Synthesis and Properties of Cyclic Sandwich Compounds

Peter Roesky describes the synthesis of cyclic multidecker sandwich complexes.

The ground-breaking discovery of the first sandwich complex, ferrocene, marked the birth of modern organometallic chemistry. The structure of sandwich compounds, consisting of a central metal ion complexed by two planar aromatic ligands, is reminiscent of a classical sandwich, with the flat ligands representing two slices of bread covering the filling, the central metal. The appreciation for this unprecedented structural motif culminated in the award of the 1973 Nobel Prize in Chemistry to Fischer and Wilkinson for their work on elucidating the molecular structure of ferrocene.
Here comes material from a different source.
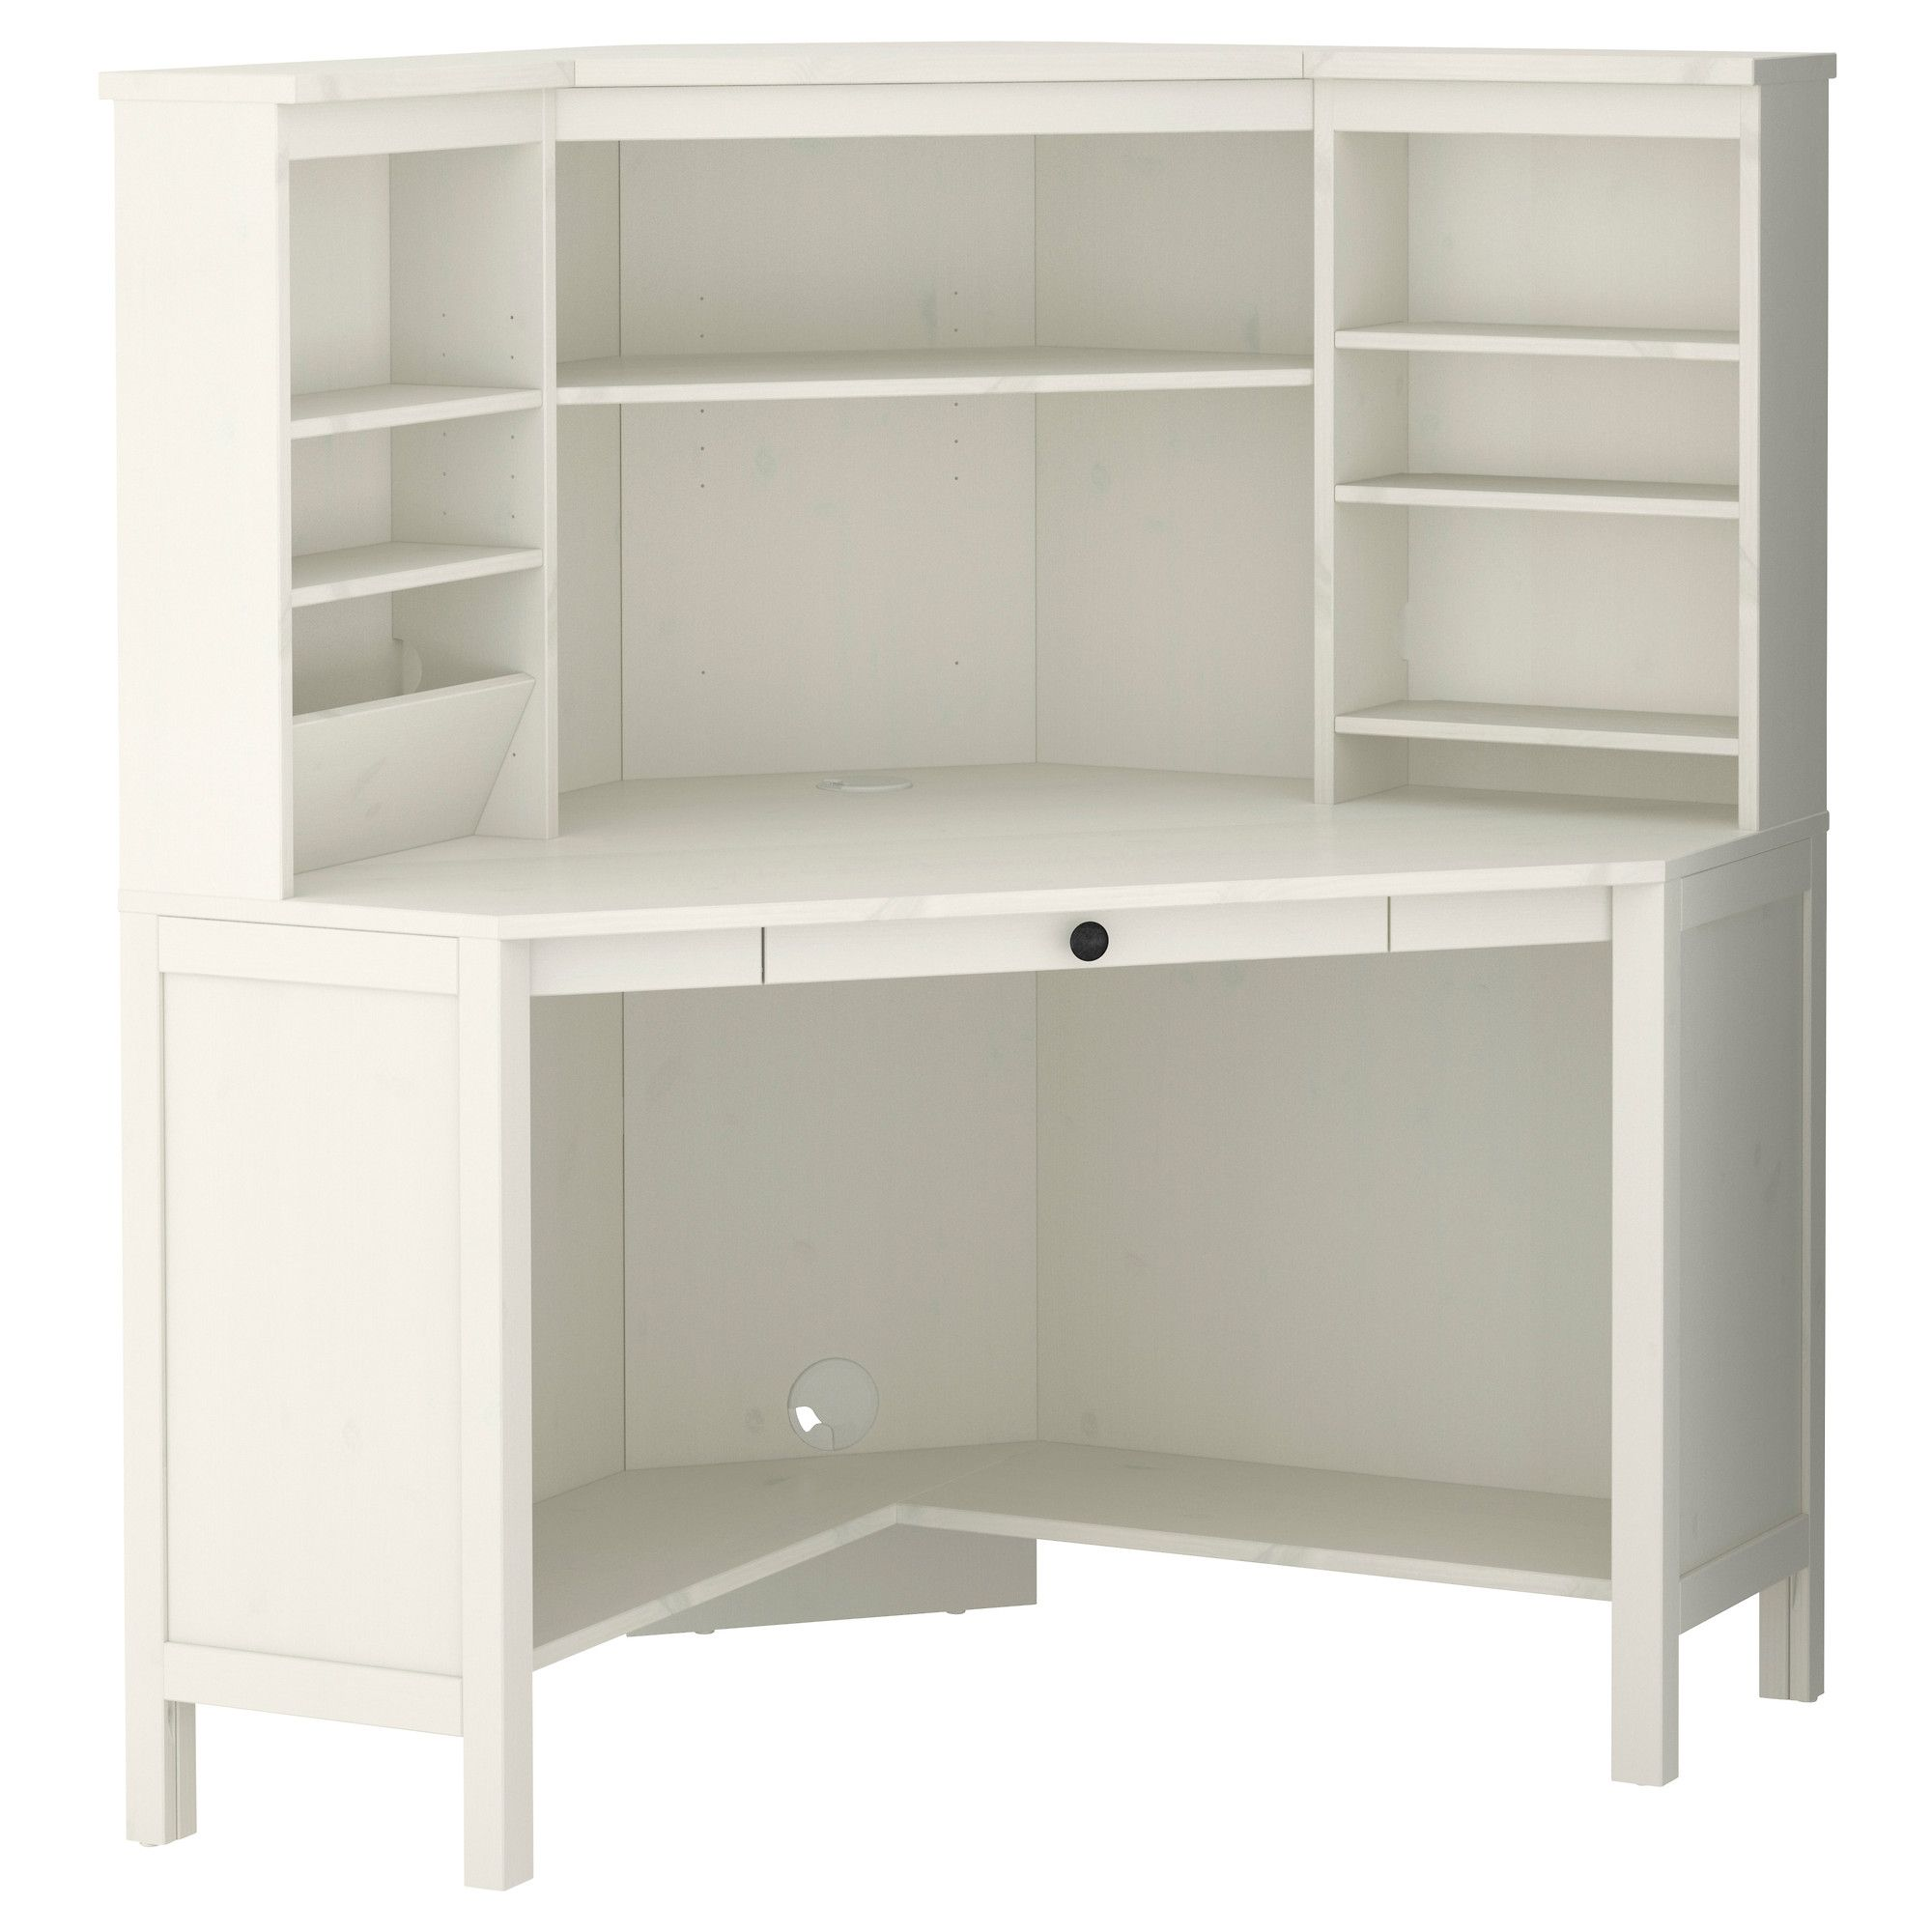 Ikea Us Furniture And Home Furnishings Corner Workstation
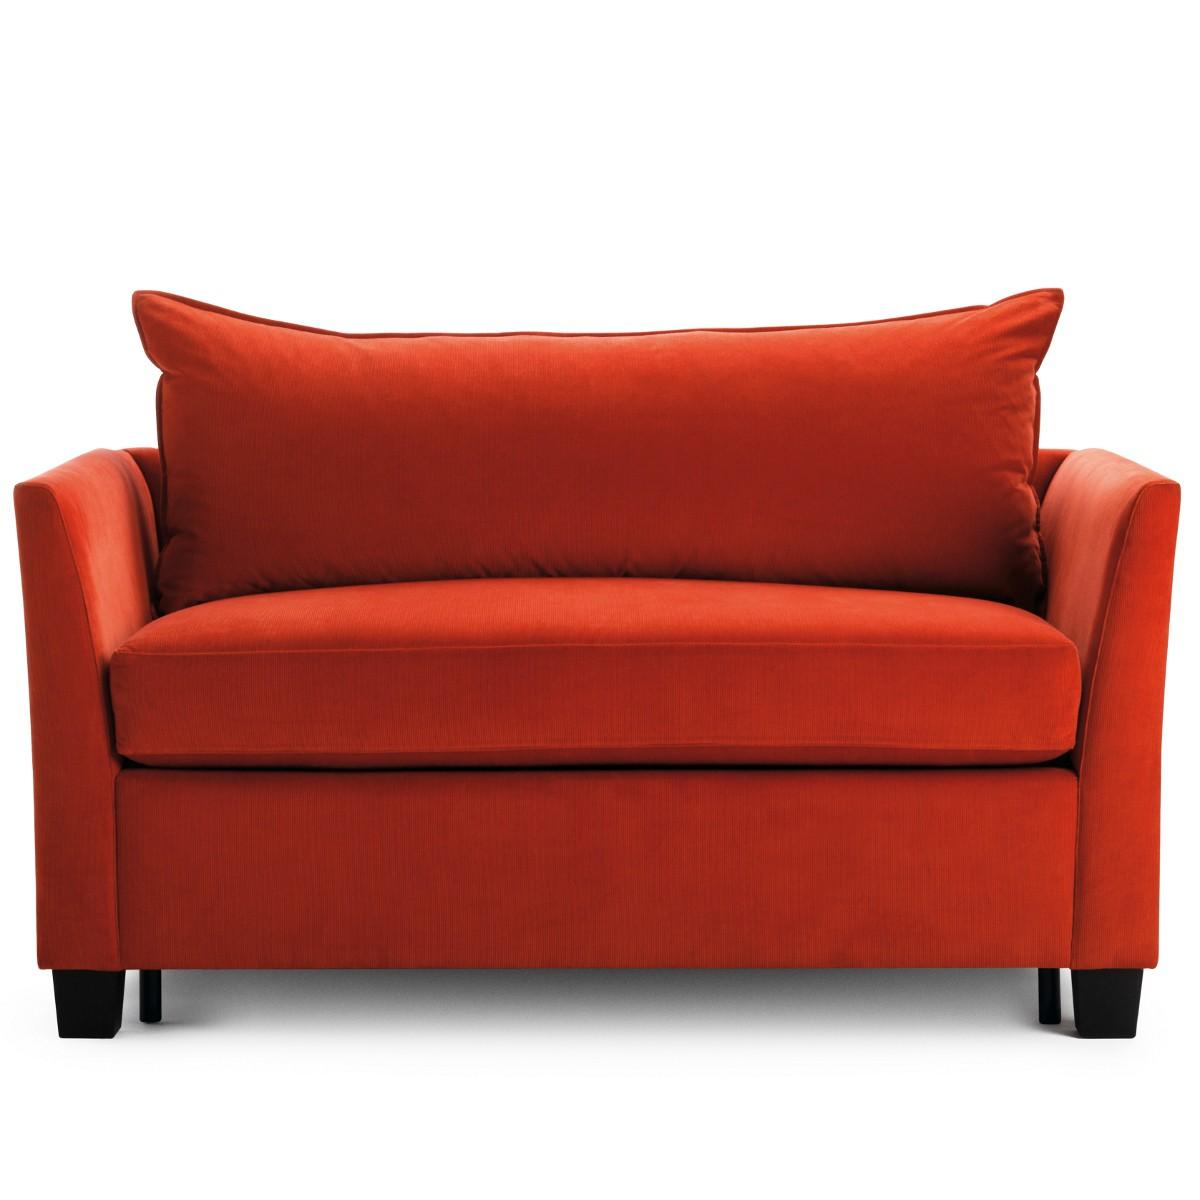 Himolla canap s et fauteuils relax art volume design for Canape himolla

Ever since, the sandwich motif has inspired organometallic chemists to hunt for larger and larger sandwiches. Going beyond the proto-typical sandwich structure, [M(CnHn)2], multidecker sandwich complexes with alternating aromatic ligands and metals have been assembled.
However, no structural motif apart from longer and longer one-dimensional chains has been reported until the publication of the title article. Here, Professor Peter Roesky’s group from the Karlsruhe Institute of Technology (Germany) pioneered the synthesis of cyclic multidecker sandwich complexes, overcoming the previous limitation of metallocene chemistry to linear structural motifs. Their approach is based on the structurally induced self-assembly of monomeric half-sandwich complexes to discrete molecular nanorings.”